# Where should I save my API key and secret

API keys and secrets are sensitive pieces of information that allow access to your exchange account, albeit with limited permissions. Therefore, it's crucial to store them securely. Here are some recommendations on where and how to save your API key and secret:

***

## 1. 🗂️ **Secure Digital Storage**

You can save your API keys in a secure digital note-taking app that has strong encryption, such as **LastPass** or **1Password**. These tools also offer **password-protected notes** where you can store sensitive information.

## 2. 📄 **Offline Storage**

Another option is to store your API keys offline. You can **write them down** on a piece of paper and store it in a secure location. Remember, this paper should be kept safe from both physical damage and unauthorized access.

## 3. 🔐 **Encrypted Files**

You could also store the keys in an **encrypted file** on your computer. There are several tools available that can encrypt files, such as **VeraCrypt**.

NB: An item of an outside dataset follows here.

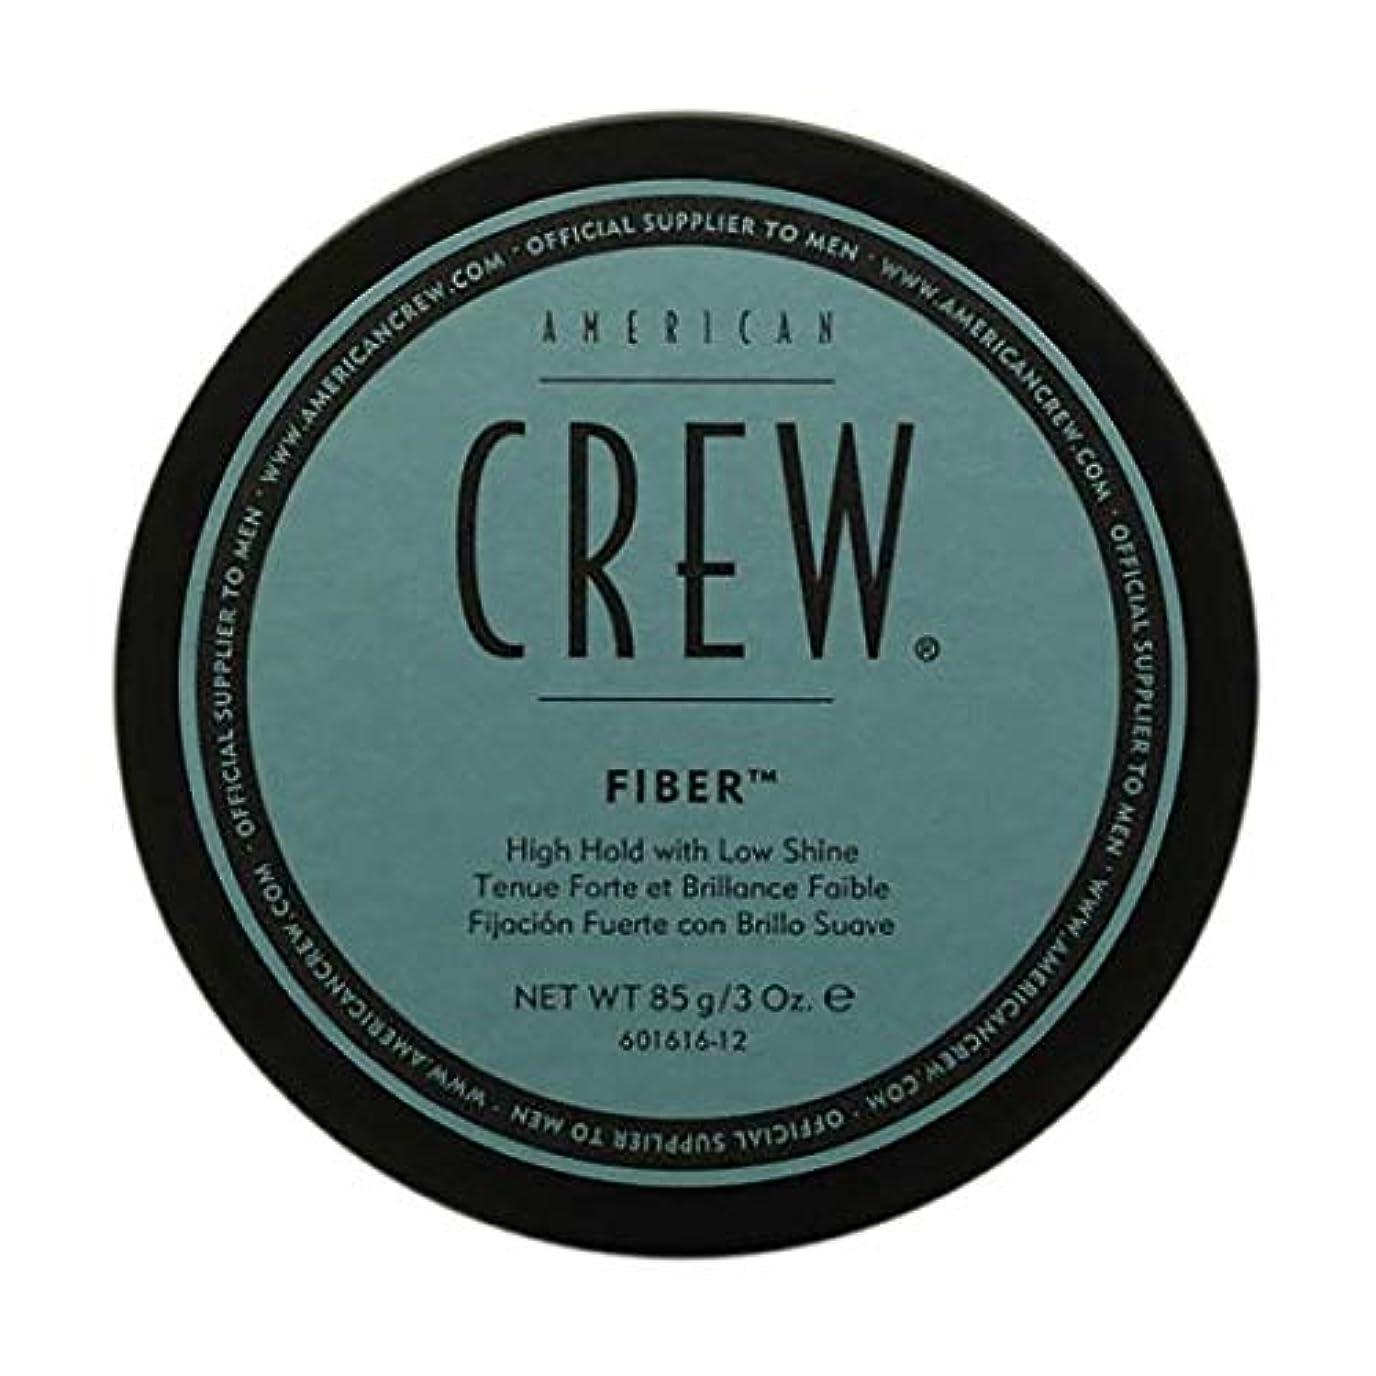 栄光家族前進アメリカンクルー クラシック ファイバー American Crew Fiber 85g [並行輸入品]

## 4. 💾 **Hardware Security Modules (HSMs)**

These are physical devices that safeguard and manage digital keys and can provide cryptoprocessing. These are usually used in **enterprise settings**.

***

**Important:** Remember, **do not** share your API keys and secrets with anyone you do not trust completely. Even with limited permissions, they could still potentially cause harm if they fell into the wrong hands.

Always use strong, unique passwords for your accounts and **enable two-factor authentication** whenever possible.